As with most acquisitions, the new ownership immediately started looking for ways to cut costs, maximize the bottom line, and obtain an earlier return on their investment. They concluded that the newly-acquired company was overstaffed by 30%. So in one fell swoop they descended on the company's headquarters and laid off a third of the employees.

What the new ownership did not take into account is that this company, started by a husband and wife out of their home, had grown by recruiting employees from the founders' circle of family, friends, and acquaintances at church. Intricate friendships and relationships were interwoven everywhere in the workforce.

The sudden terminations, with no plans to reconfigure the workspace, left empty offices and cubicles all up and down the hallway. The employees who remained walked by these empty desks hour after hour, each time reminded of the friend or relative who had been fired.
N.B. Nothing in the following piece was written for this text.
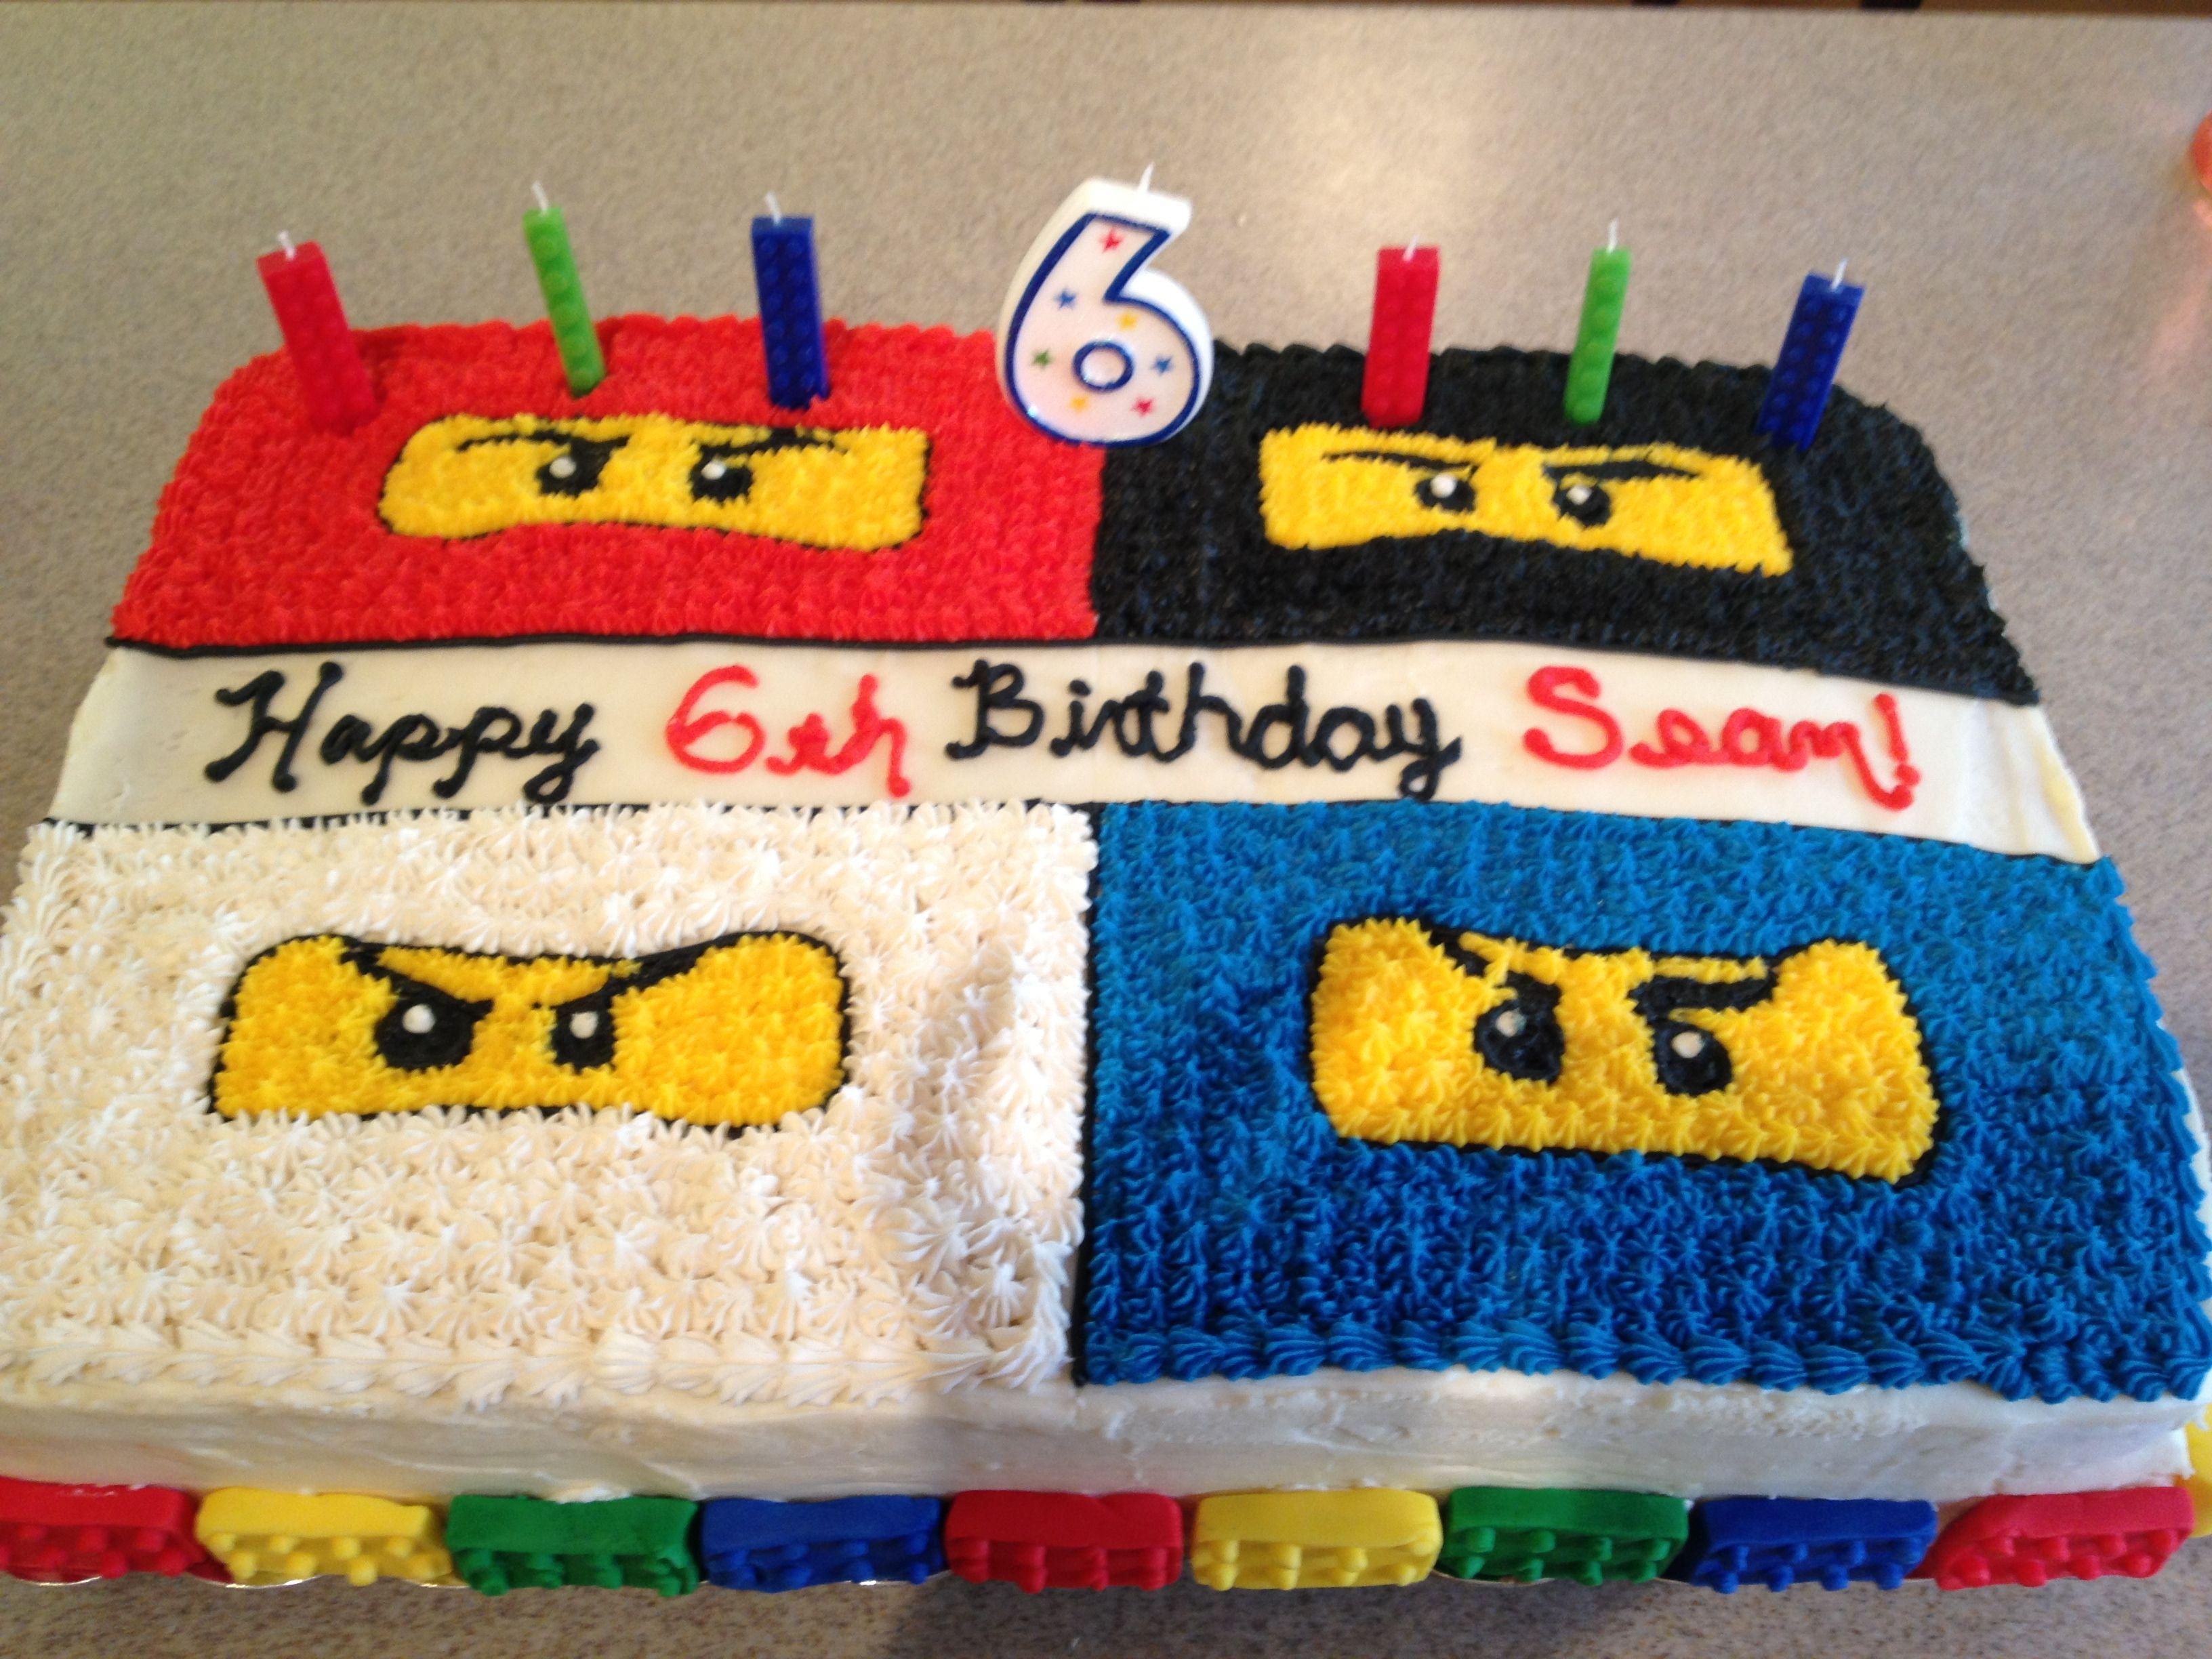 The Cake Design In Buttercream Fondant Legos Around Base

Morale began sinking and continued to plunge. One product line after another lost its profitable edge. Within a year the company was hanging on by the slimmest of financial threads.

Coping with the Wounds

In cases like this, wise leadership should have anticipated the psychic wound their action would create. Their failure to do so led them to lose millions of dollars in profit that their new acquisition should have bought them.

In other cases leadership cannot anticipate the looming tragedy that will inflict a psychic wound on their culture. The leaders are as blind-sided by the tragedy as the people around them.

In either case, leadership must truly provide a caring opportunity for the wound to be acknowledged and for healing to occur. Ignoring or minimizing the significance of the wound only adds to the catastrophe. On the other hand, the organization can ill afford to wallow in the misery of the loss. Leaders do need to press ahead. The challenge, therefore, is to allow the loss to be grieved while still moving forward.

A fitting metaphor might be what happened with families migrating westward in the settling of the American frontier. As wagon trains made the long trek toward the Pacific, loved ones died along the way. There was an appropriate pause to bury the dead, but only a brief pause. The caravan had to continue on its journey if it was to reach its destination before winter.

Those loved ones, buried in often unmarked graves, were hardly forgotten simply because the wagon train moved on. They were remembered nightly in conversations around camp fires. Their lives were recalled in frequent conversations and prayers.

But still the wagon train moved west. People grieved as they moved out. And the very movement itself proved therapeutic. The challenges of the trail demanded enough of their energy that grief had no opportunity to overwhelm them. And attending to their daily duties helped people process their grief.

From a business perspective, one of the best books I've found on this topic is David Noer's Healing the Wounds: Overcoming the Trauma of Layoffs and Revitalizing Down-sized Organizations, which has recently been revised and updated. This topic is rarely addressed in management or leadership texts. Yet it's a subject that should never be taken lightly.